The drawing depicts a woman in a red Alexander Wang dress and blue prison socks. A thought bubble next to her reads: “Send bitcoin.” The chair in which she sits has “Wanted” written on its back.
The woman is Anna Sorokin – the notorious fake German heiress whose scams of high society were exposed in a Vanity Fair article and then turned into the hit Netflix drama Inventing Anna – and the drawing is part of a group art show in a Lower East Side museum that showcases her work. Kind of.
Until the end of March, the show – Free Anna Delvey, a reference to the faux heiress’s preferred surname – is displaying drawings and other artworks, mostly by 33 artists who claim to have been “inspired” by Sorokin’s story.
It also includes five of Sorokin’s own 22x30in pencil and acrylic drawings, made while she was in jail – though, as so often in the past with Sorokin, that’s not quite true, given that the drawings were in fact reproduced on large-print watercolor paper by Alfred Martinez, the show’s co-curator.
“If she’s gonna get someone to copy her artwork, it’s good she got a Basquiat forger to do it,” Martinez told Insider, referencing the fact that in the early 2000s he spent two years in jail for selling Basquiat paintings he’d forged.

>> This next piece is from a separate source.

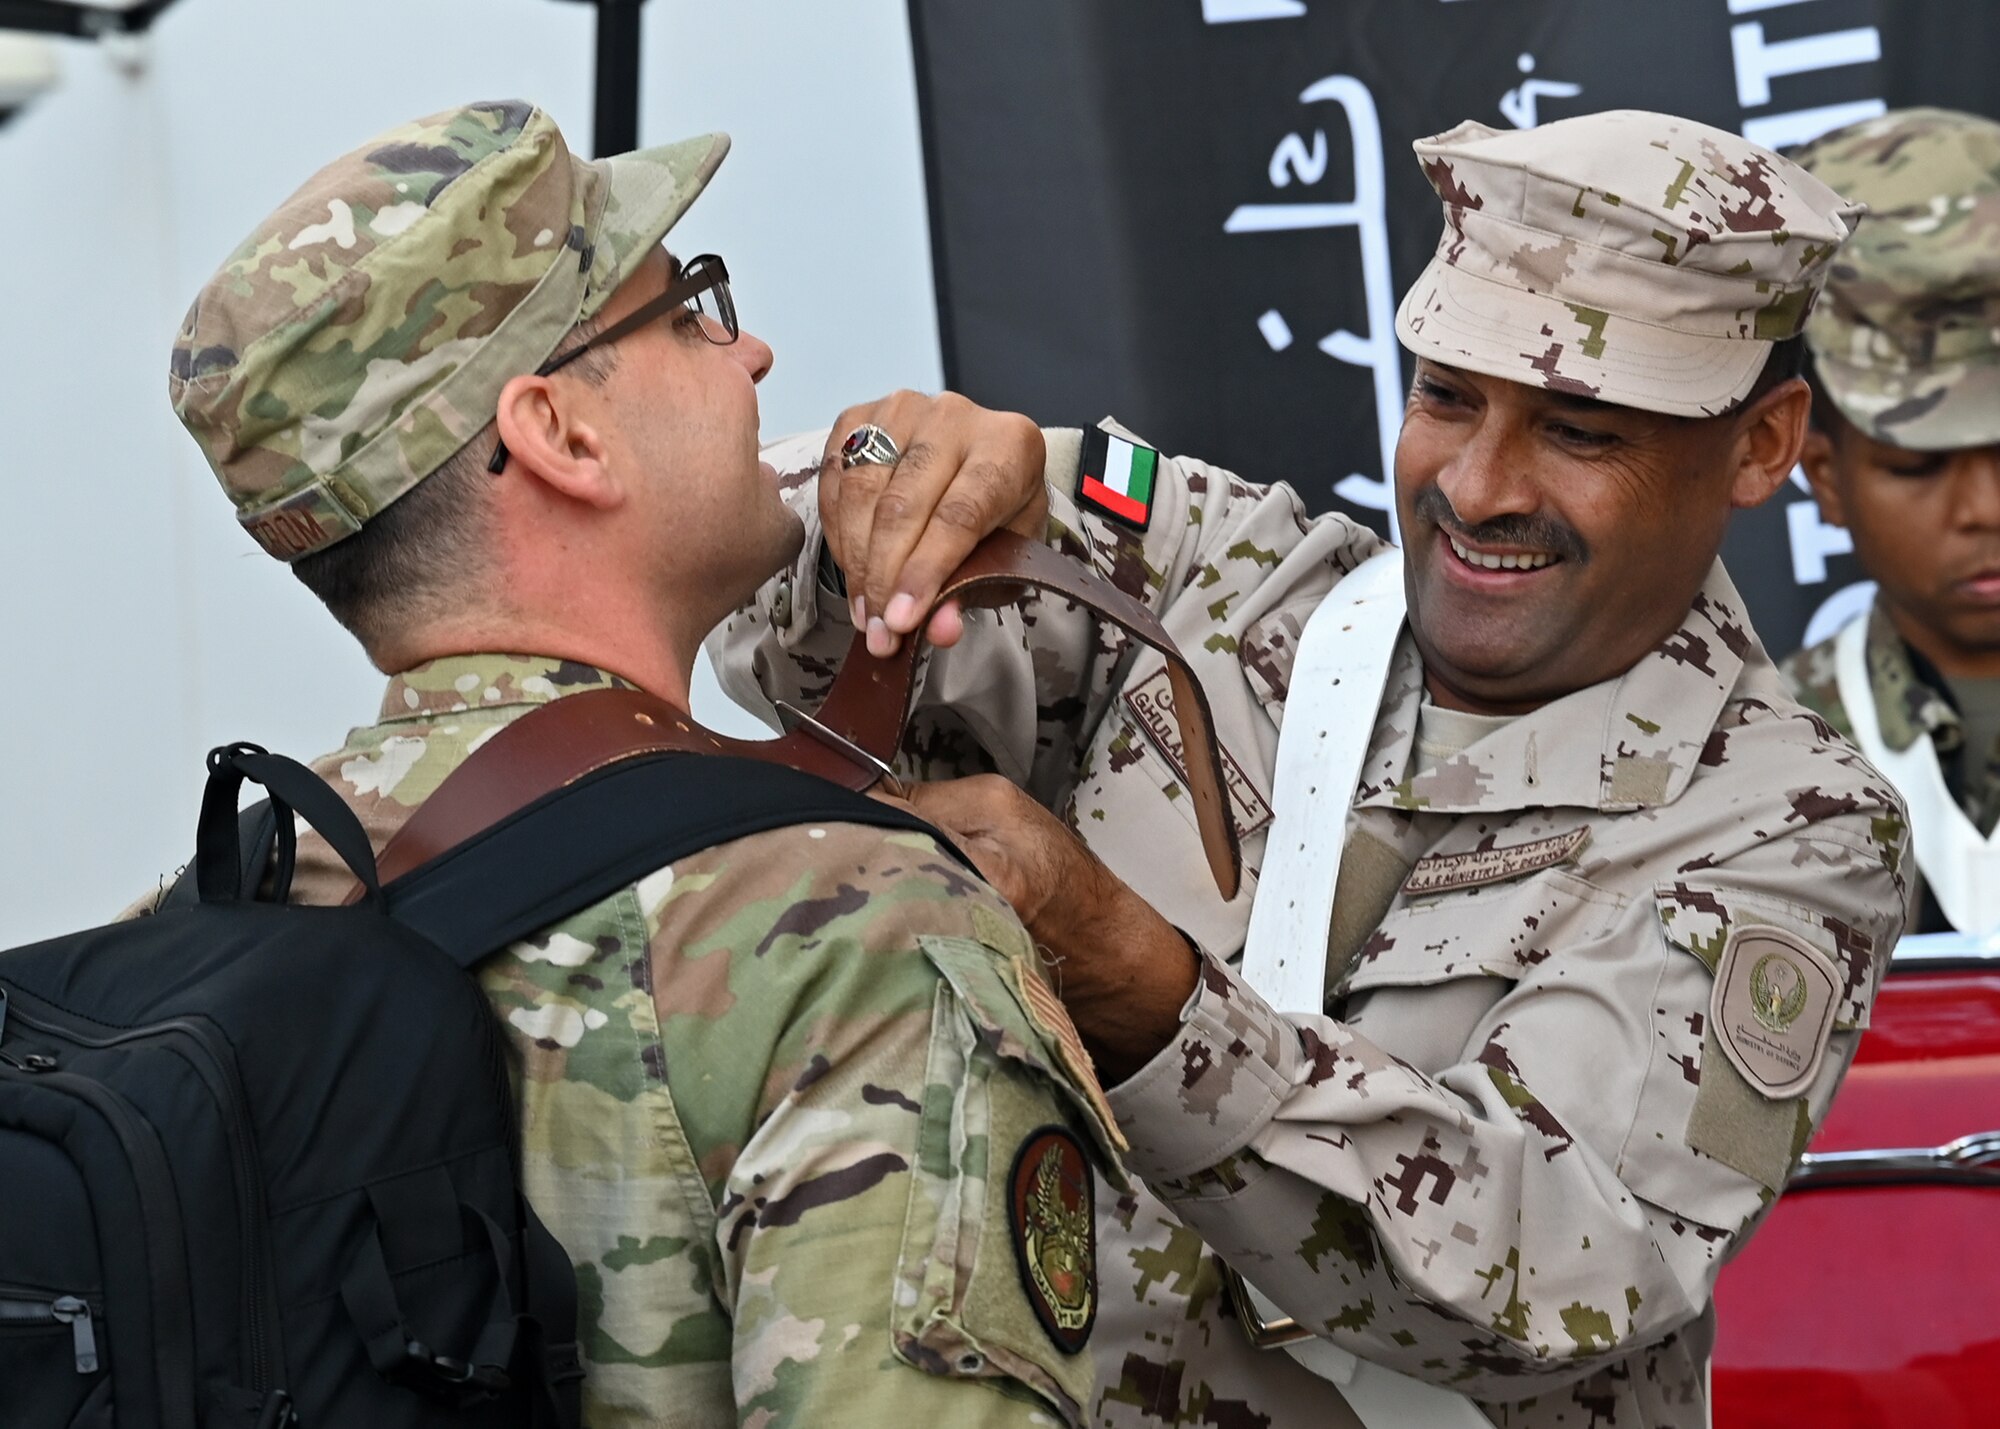 US and UAE band service members interact.

Julia Morrison, the show’s other co-curator, told the New York Times that she initially discovered Sorokin’s drawings while browsing Instagram. “No one is just a villain, or just a hero,” said Morrison, an artist whose own claim to infamy is minting NFTs of screenshotted messages of sex slavery and cannibalism that she said the actor Armie Hammer had sent her.
Morrison said she identified closely with Sorokin’s story because her own mother had served time in an immigration detention facility. Sorokin is being detained by Ice after completing a four-year prison sentence for second-degree grand larceny, theft of services and first-degree attempted grand larceny.
The Netflix documentary, which depicts Sorokin’s rise and fall as a con artist in New York City, did not apparently meet with Sorokin’s approval despite reports she was paid six figures to consult on the show. “That superglam portrayal of me in the Netflix series is not that accurate,” she told the New York Times, adding that she wanted the Free Anna Delvey art show – which she helped coordinate and produce from her detention cell – to give the public a look into “her side of the story”, as Martinez told Forbes.
“Art is only partly about talent and determination and even more so about the artist’s ability to demand attention through their personality and story. And this is where she really shines,” he said.
Anna’s reproduced sketches are priced at $10,000 each. She claims that 15% of the sale price of one of the drawings will be donated to a children’s charity. According to Martinez, 25% of the show’s proceeds will go towards Sorokin’s legal defense.
Sorokin’s legal team is fighting her deportation. Earlier this month, her lawyer filed a last-minute appeal to immigration authorities, hours before she was scheduled to be deported to Germany, citing “serious health issues”. Sorokin was granted emergency consideration.
She has since sued ICE, with the help of the American Civil Liberties Union (ACLU), claiming she caught Covid-19 while in detention after Ice officials allegedly denied her requests for a vaccine booster shot.